Figure 84-Max differential range tropo delay for Harmonie
Also the Figure 85 plots these worst cases found with the methodology explained in this section 5.4 for each of 2920 sample points of Arome NWM over 1 year, then a green curve denoted Curve C was fitted to worst case over time for each five degrees of elevation.
Figure 85-Max differential range tropo delay for Arome
It is relevant to notice the sharped shape of the Curve C at low elevations of 5°. This phenomena can be explain by the fact that in this Alpines area, gradients in atmospherical parameters are higher and they change more frequently as in Netherlands area particularly closer to the surface (which is the case for low elevations case in
this research). Also, it is important to notice that for this Arome Case, the dash line is below the green line for elevations angle smaller than 6°,therefore the Wall Model methodology appear conservative only for angle superior to 6° of elevation. Furthermore, for Alpines data realy conservative assumptions about the way to find the worst case were taken (as possible approaches closed to the mountain) which are no realistic these can explain the highest values obtained for low elevation angles.
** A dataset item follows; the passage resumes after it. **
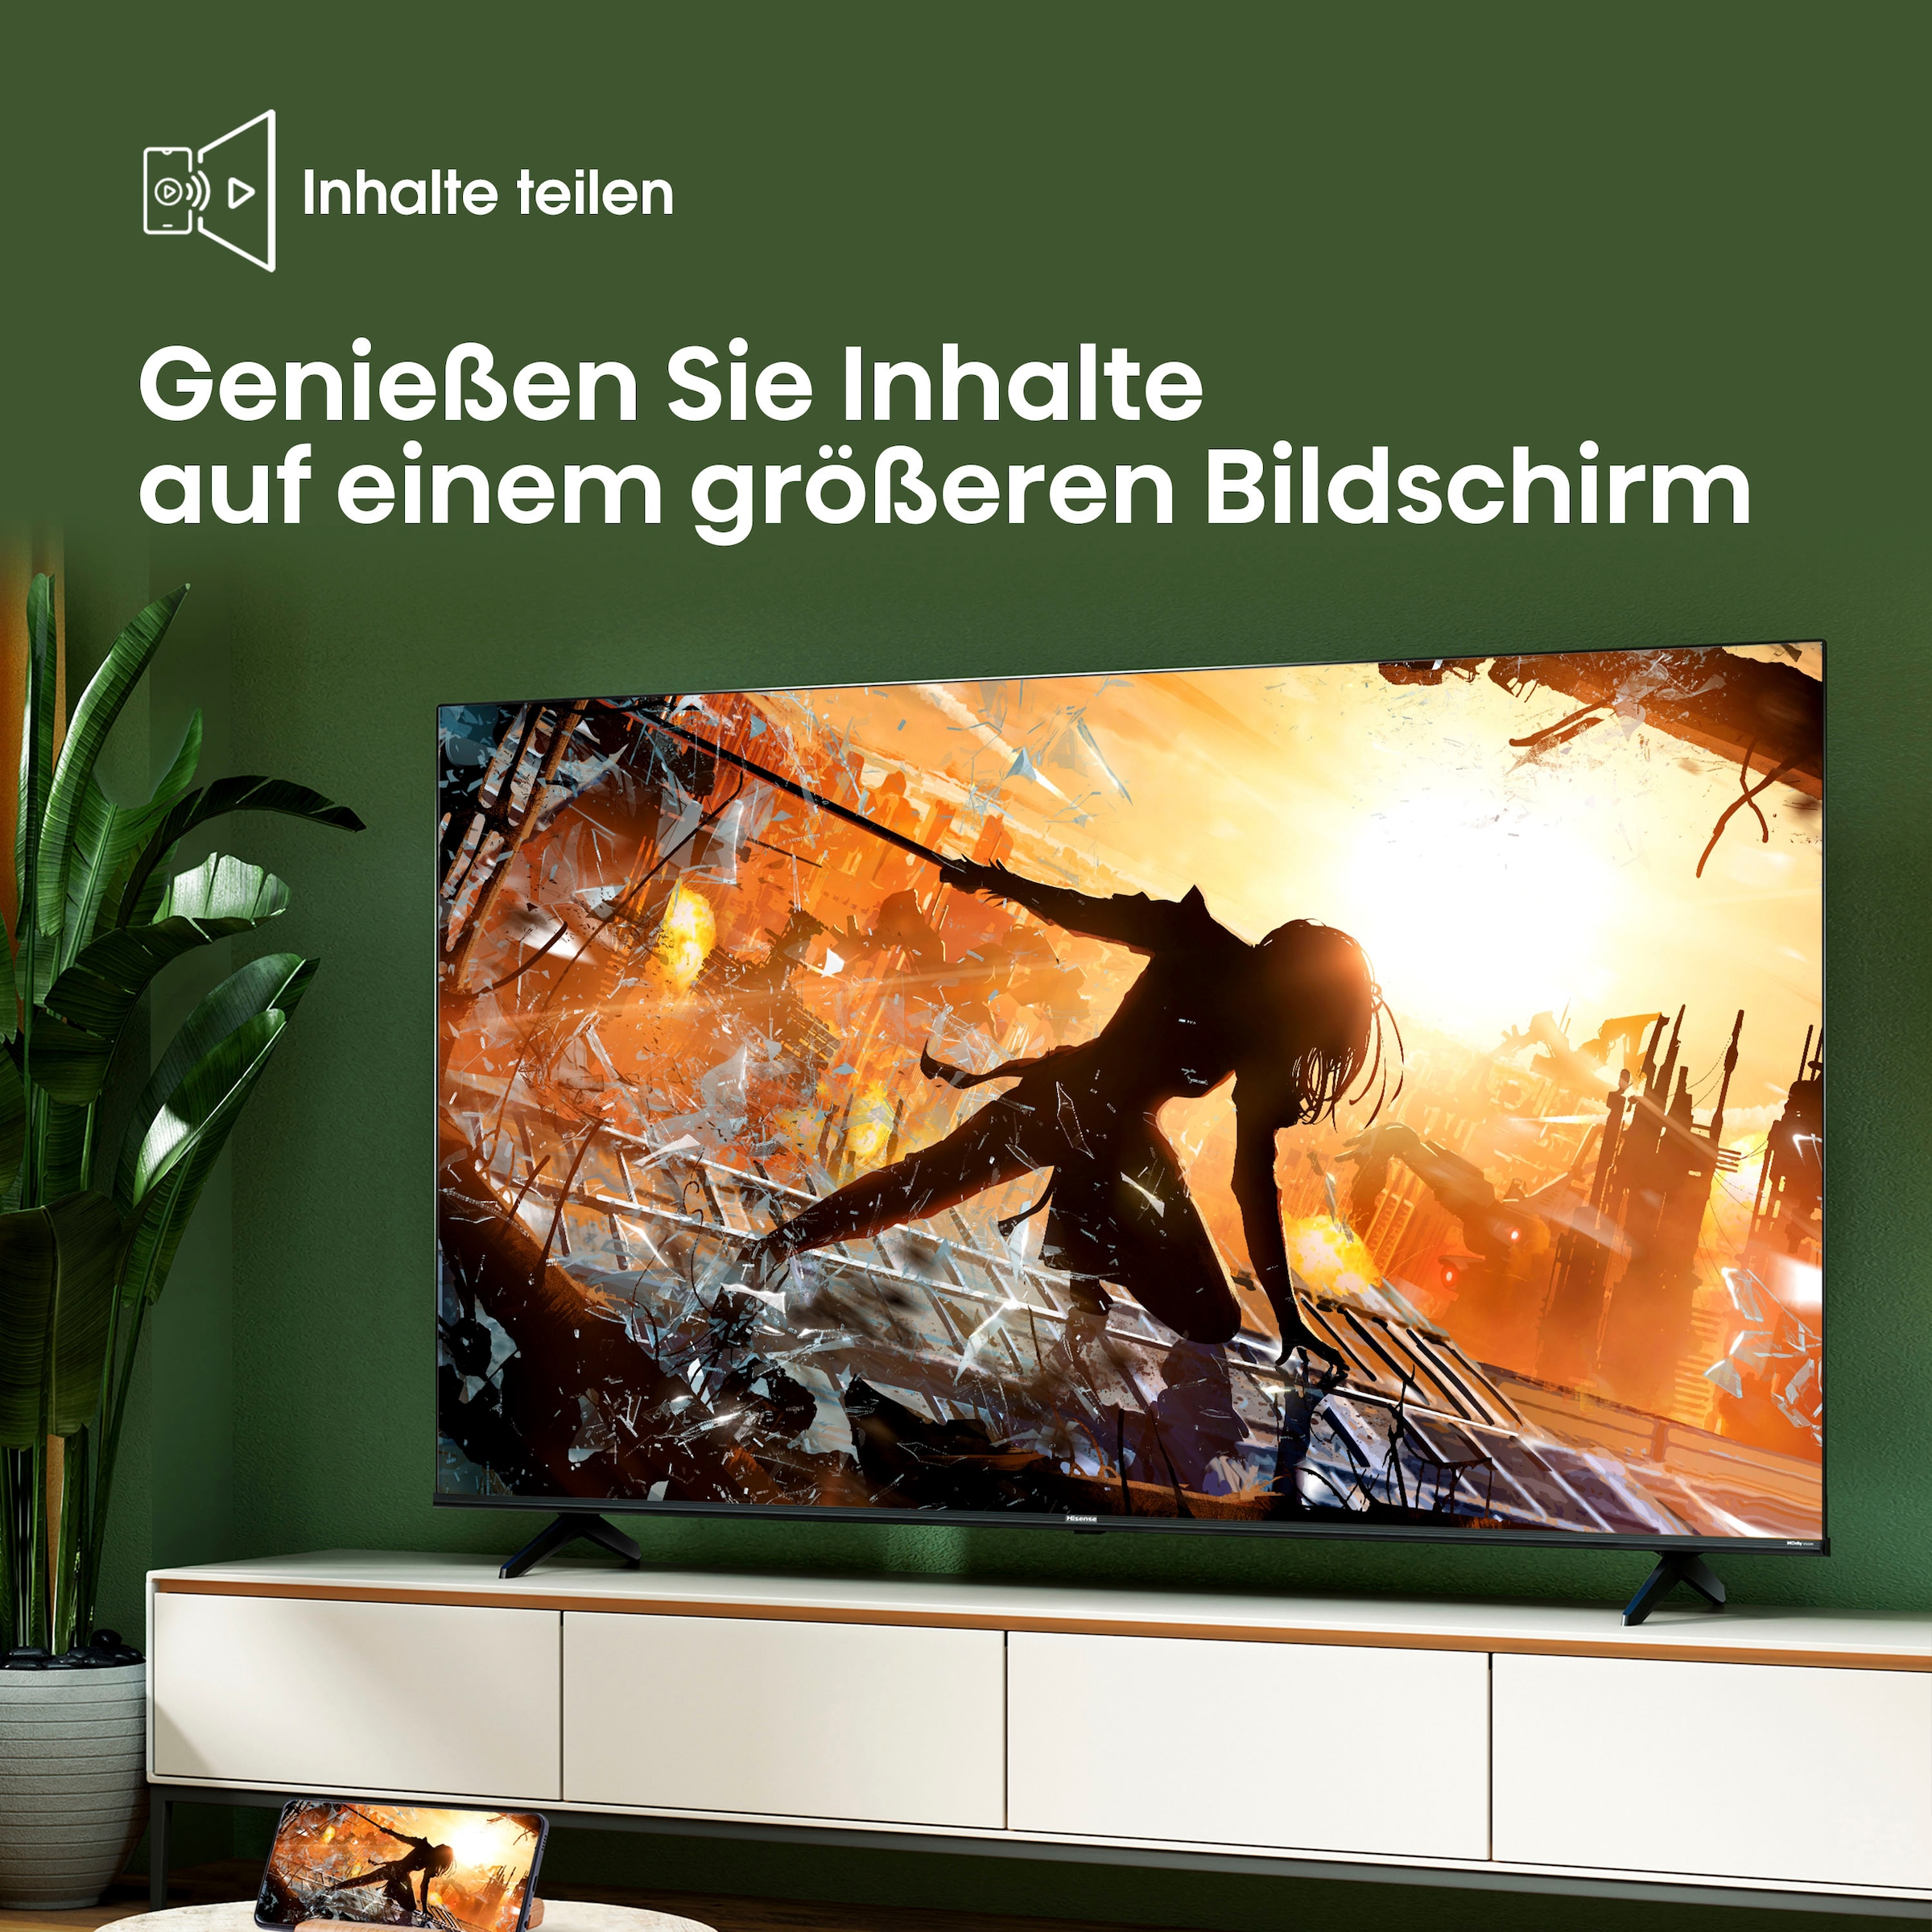 Hisense LED-Fernseher, 190,5 cm/75 Zoll, 4K Ultra HD, Smart-TV, Smart-TV, Dolby Vision, Triple Tuner DVB-C/S/S2/T/T2

Then it could be interesting to only plot results just for elevation angle from 10° to 90° as presented in the following figure and to fit them by the Curve D.
Figure 86-Max differential range tropo delay for Arome from 10°
Finally, the bounding/fitting curves obtained with each model and data (Ohio, Arome and Harmonie) is represented starting at 5° elevations angle (Curve A,B and C) in Figure 87 and at 10° elevation angle (Curve A,B and D) in Figure 88.
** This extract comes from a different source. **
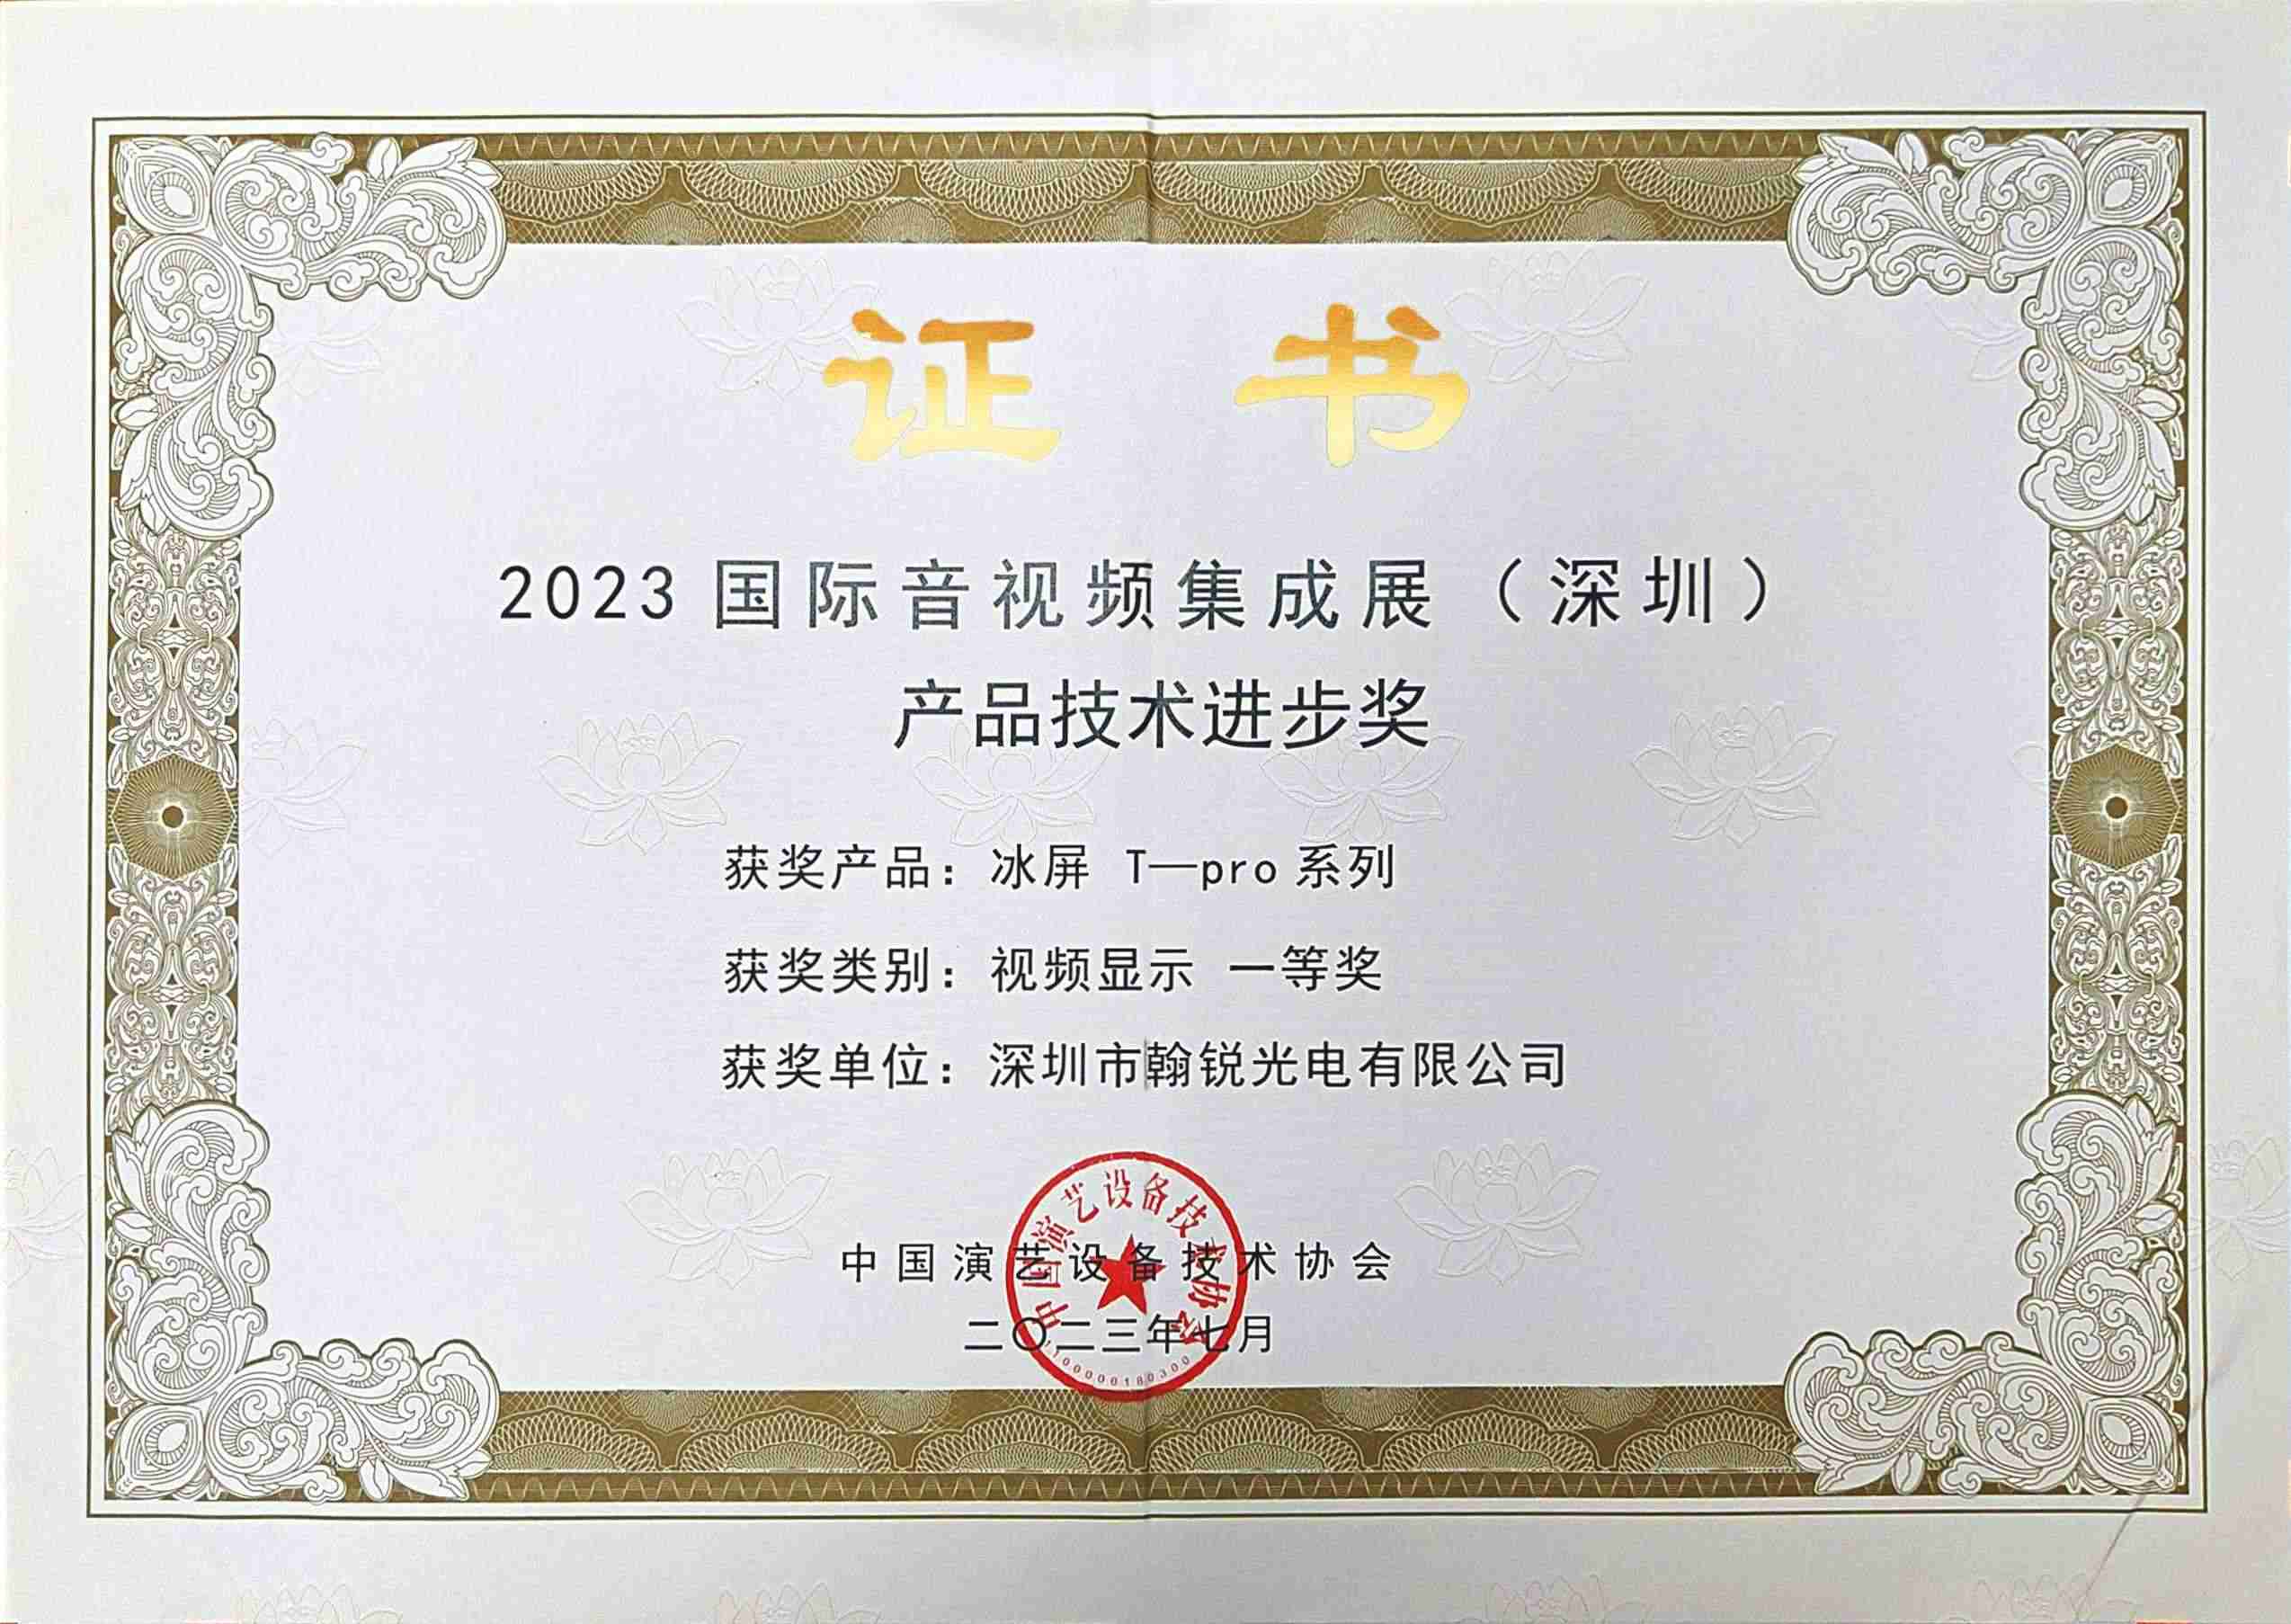 Поздравляем! Showtechled «LED Ice Screen» выиграл первый приз, выданный Китайской ассоциацией технологий оборудования для исполнительских искусств

Figure 87-Bounding Curves for each model stating at 5°
Figure 88-Bounding Curves for each model stating at 10°
The differential range tropospheric delay follows an expected trend with respect to elevation. Equations of these curves A, B, C and D are detailed in section 6.3.1.2. Also according to some previous analysis [7] [128], differential range tropospheric delays appeared as large as 0.4m in Ohio for a particular set obtained with GPS data, in the Figure 87, maximum differential range tropospheric delay appear to be about 0.8m by seeing the red Curve B and about 1.1m regarding the Curve C at 5° of Elevation (0.55m at 10° regarding the Curve D) so gradient in Europe seems again (as thought by seeing Figure 83) more important than in the data set examined by Ohio
particularly in Alpines area at low elevation. This could be explained by the fact that abnormal changings in atmospherical parameters should happen more frequently and should be more localized close to the surface (i.e at low elevation) in Alpines area.
Also, it is relevant to notice that the dashed red/green lines (representing the Wall Model curves)are really above the red/green lines that means that using the “Wall model” as a methodology for finding the maximum differential range tropospheric delay is a too conservative methodology therefore the Wall Model methodology appear really conservative.